While the American economy has shown tentative signs of stabilization and recovery, the nation’s courts continue to grapple with legal questions that emanate from the Great Recession and the bursting of the so-called “housing bubble.” In one notable development, the United States Supreme Court has recently agreed to decide an important question regarding the treatment of home mortgages in Chapter 7 bankruptcy cases (i.e., cases in which the bankruptcy trustee gathers and sells the debtor’s non-exempt assets and uses the proceeds of such assets to pay creditors in accordance with the Bankruptcy Code.) Having granted certiorari in two substantially similar cases, Bank of America, N.A. v. Caulkett and Bank of America, N.A. v. Toledo-Cardona, the Supreme Court will decide whether section 506(d) of the Bankruptcy Code permits a Chapter 7 debtor to void a junior mortgage lien in its entirety when the outstanding debt owed to a senior lien holder exceeds the current value of the home in question. In more colloquial terms, the Supreme Court will determine whether a debtor may “strip off” a junior mortgage lien that is “under water.”
As a general matter, a Chapter 7 bankruptcy proceeding discharges only the debtor’s personal liability on his debts; it does not usually void a secured creditor’s right to foreclose on the property securing that creditor’s claim. This means that, in the case of a mortgage loan, the lender’s lien remains on the real estate until any foreclosure sale is conducted, even though the debtor’s obligation on the underlying promissory note has been discharged. In some cases, Chapter 7 debtors have no equity in their houses because the houses are worth less than the amounts outstanding on the mortgage loans they secure. In such cases, and because the house has little current value, the bankruptcy trustee may return the house to the debtor because sale of the property would not generate any proceeds to pay creditors besides the lender.

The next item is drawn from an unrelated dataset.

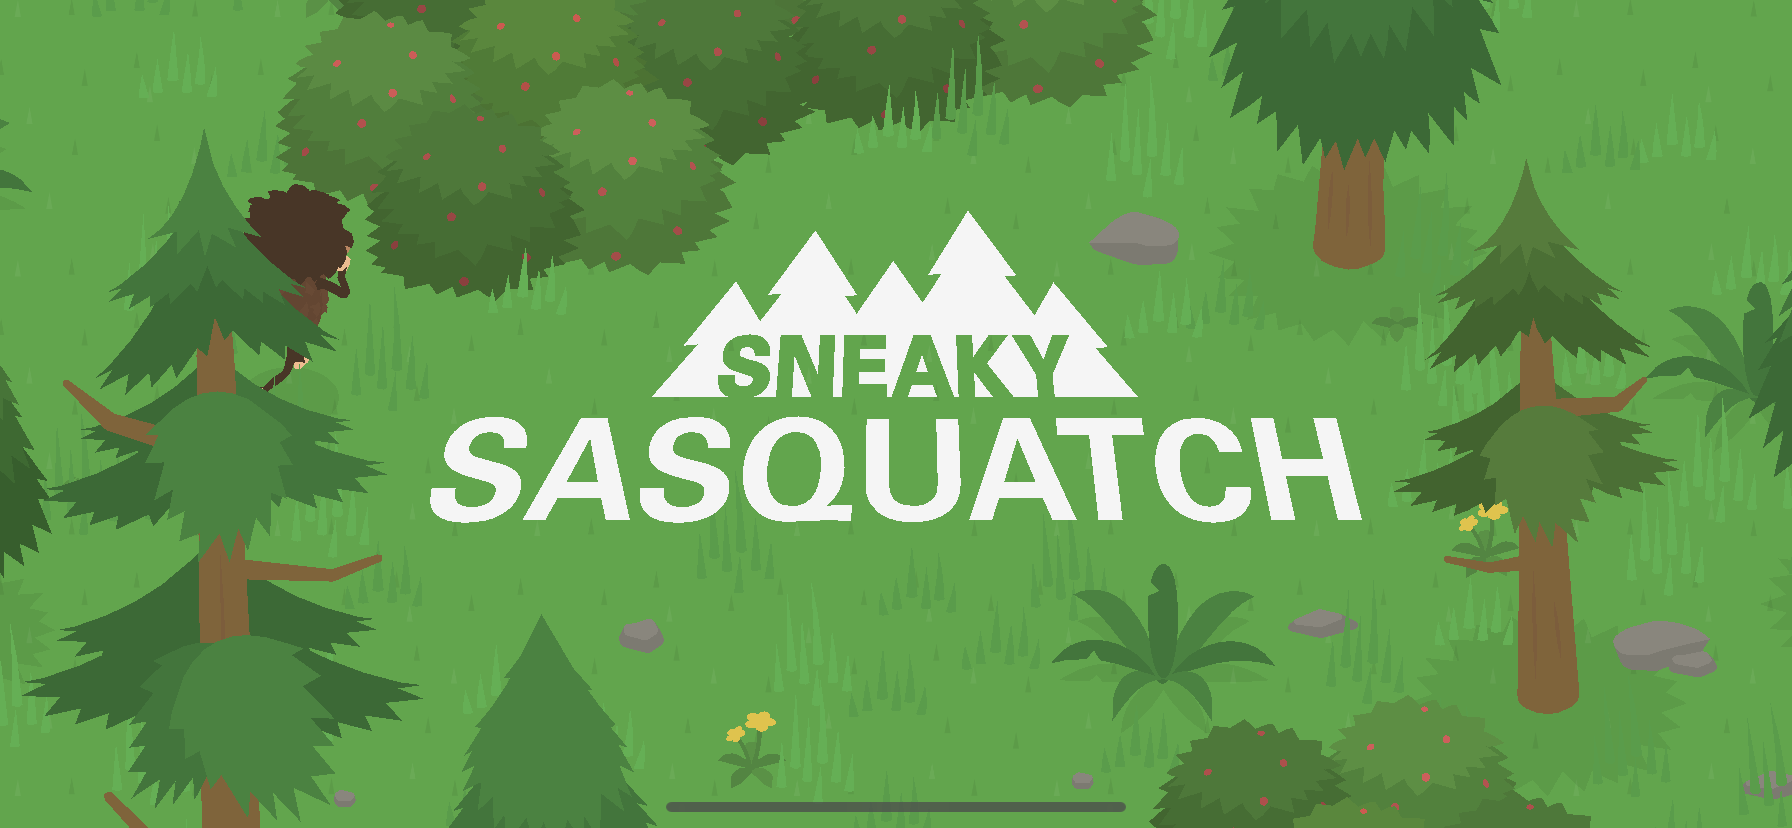 Sneaky Sasquatch Guide - An App Review

The mortgage lender, in turn, may decide not to foreclose immediately, and instead wait to see whether the property increases in value in the future.
The question presented in the Caulkett and Toledo-Cardona cases is whether, when a first mortgage on a Chapter 7 debtor’s house exceeds the value of the property so that a second mortgage on the same house is completely “under water,” the debtor is permitted not only to discharge his personal liability for the second mortgage loan, but also to “strip off” the lien itself so that the second mortgage-holder has no right to foreclose on the property even if the property later increases in value.
In 1992, in a case captioned Dewsnup v. Timm, 502 U.S. 410 (1992), the Supreme Court ruled that Section 506(d) of the Bankruptcy Code does not permit a Chapter 7 debtor to reduce a secured creditor’s lien down to the value of the collateral securing that creditor’s claim. Dewsnup addressed what is commonly called a “strip down” in the situation where the creditor’s mortgage was only partially, and not totally, under water. Over the last two decades, most courts have ruled that the language and logic of Dewsnup also prohibit “strip offs” in situations in which a mortgage is completely under water (often because a senior lien exceeds the value of the subject property).
The United States Court of Appeals for the Eleventh Circuit (which covers the states of Alabama, Florida, and Georgia), has, however, reached the opposite conclusion and held that Dewsnup’s reasoning does not govern strip offs. The Caulkett and Toledo-Cardona cases arise from bankruptcy courts within the Eleventh Circuit. In each case, the Chapter 7 debtor filed a motion to strip off Bank of America’s junior mortgage lien under Section 506(d). Those motions were allowed pursuant to binding Eleventh Circuit precedent.
Because the Eleventh Circuit’s refusal to apply Dewsnup in strip off cases is contrary to decisions rendered by several of its sister Circuit Courts of Appeals, Bank of America successfully petitioned the U.S. Supreme Court to resolve the “circuit split.” The Supreme Court has consolidated the Caulkett and Toledo-Cardona cases. Bank of America has recently filed its brief, and the respondents’ briefs are due in mid-February. Oral argument has not yet been scheduled. Fitch Law Partners LLP will continue to monitor the cases as they progress.